What the task requires: Shown below is a listing with pictures; reproduce exactly, and only, the lines between the ones containing "The Plant Ontology" and "Organic Cotton 'Copy", inclusive, leaving the pictures out.

Entries provided:
● ● ● ●

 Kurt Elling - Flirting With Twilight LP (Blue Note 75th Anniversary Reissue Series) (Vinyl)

● ● ● ●

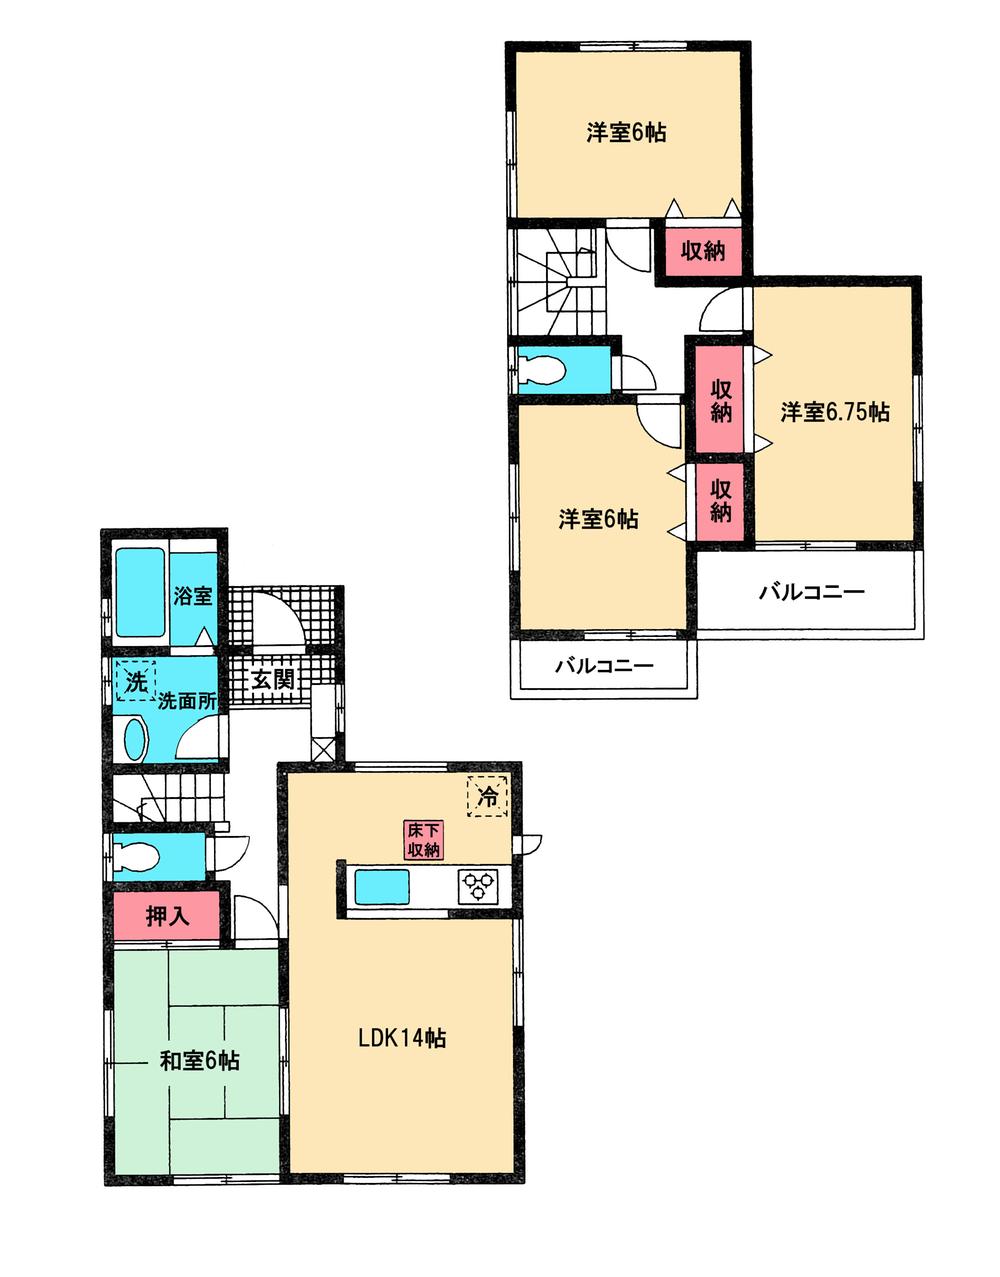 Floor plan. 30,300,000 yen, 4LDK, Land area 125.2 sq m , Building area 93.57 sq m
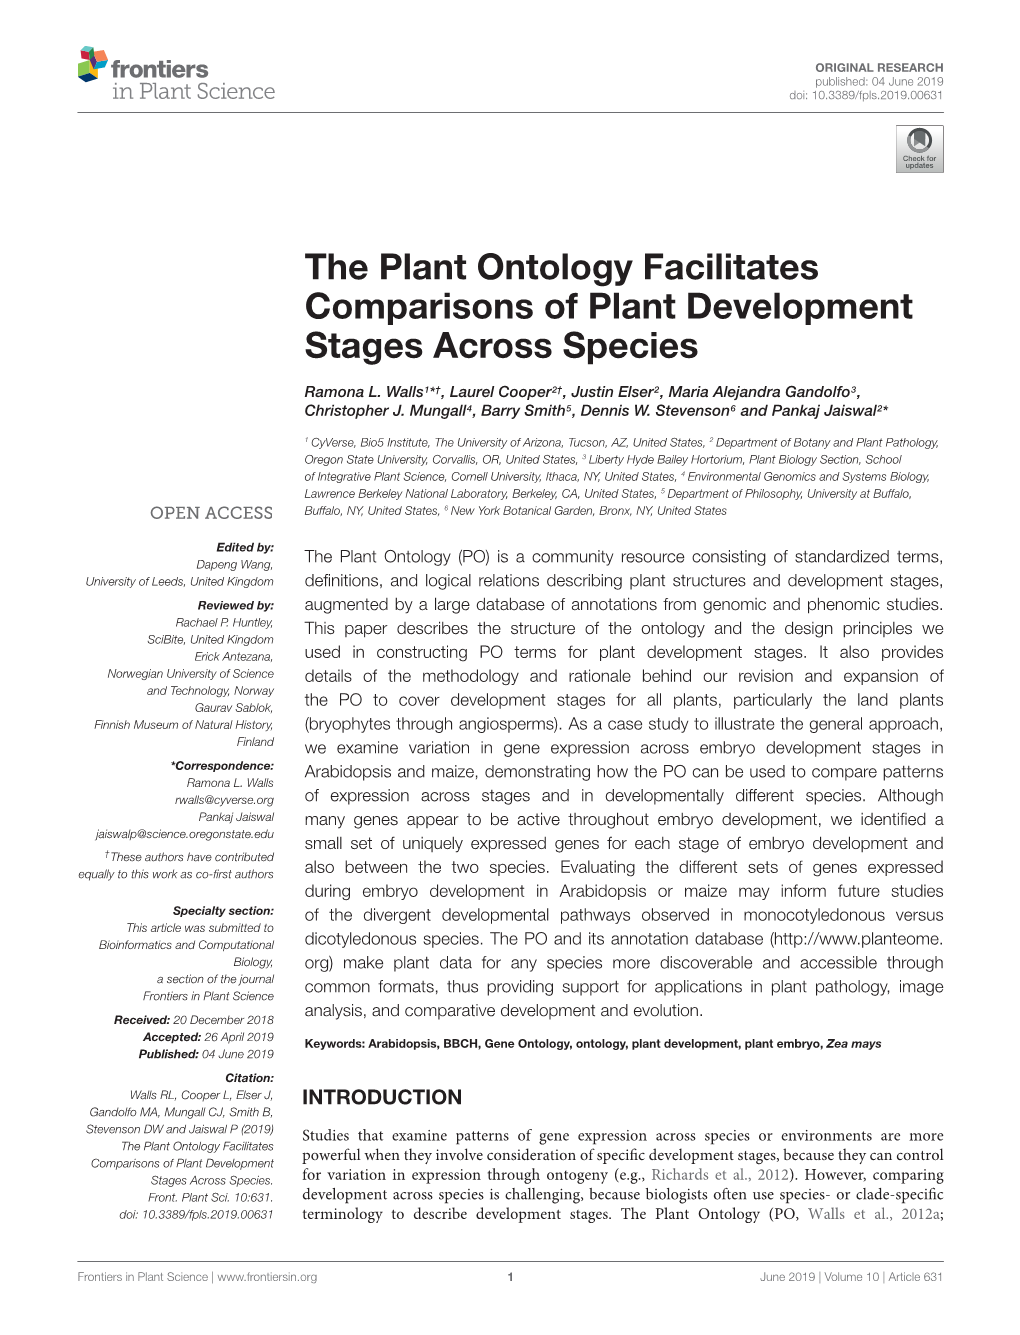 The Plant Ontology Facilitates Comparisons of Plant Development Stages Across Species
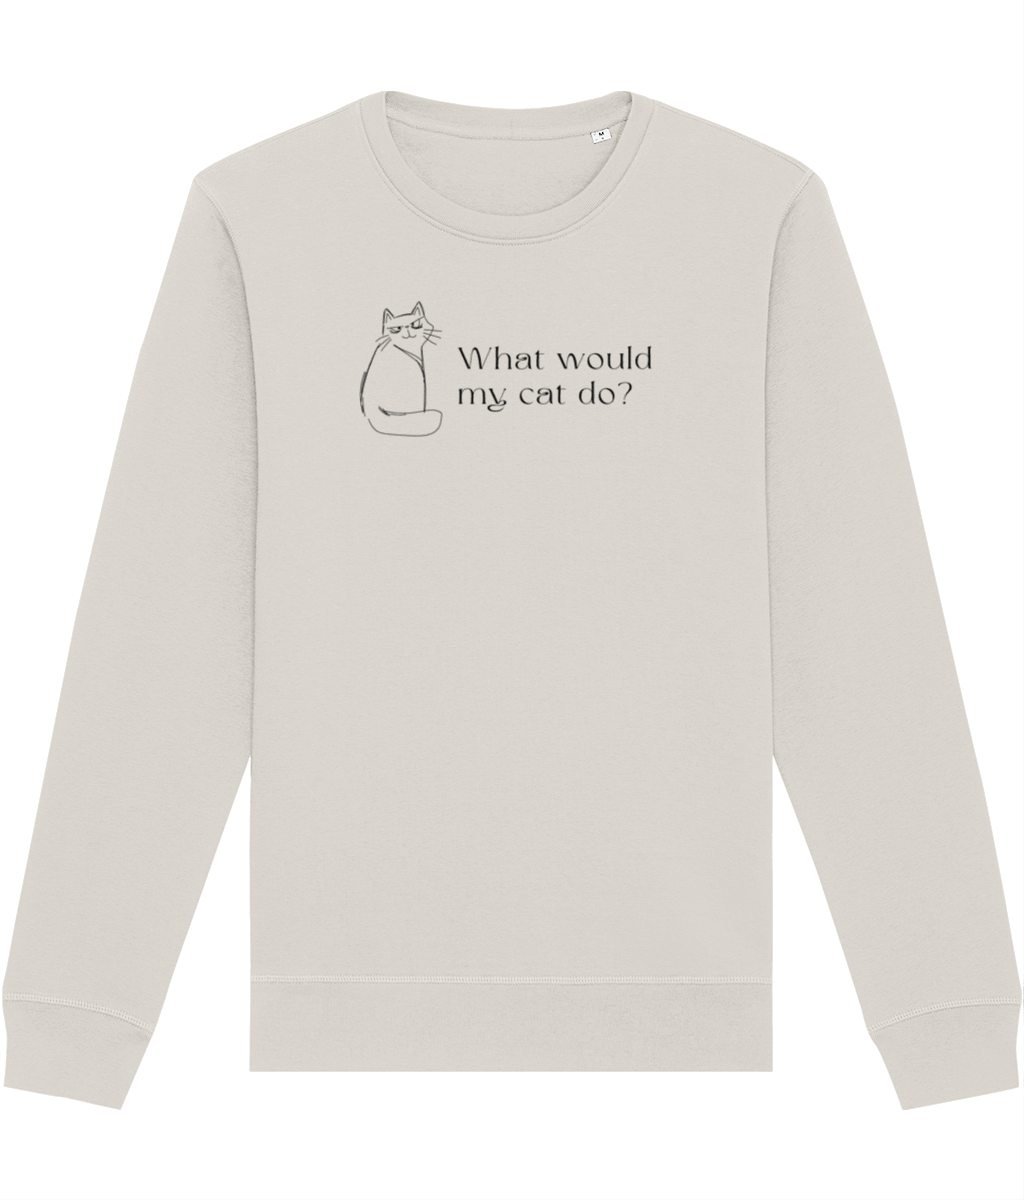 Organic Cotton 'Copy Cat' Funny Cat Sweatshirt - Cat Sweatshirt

● ● ● ●

Response:
 The Plant Ontology Facilitates Comparisons of Plant Development Stages Across Species
 Organic Cotton 'Copy Cat' Funny Cat Sweatshirt - Cat Sweatshirt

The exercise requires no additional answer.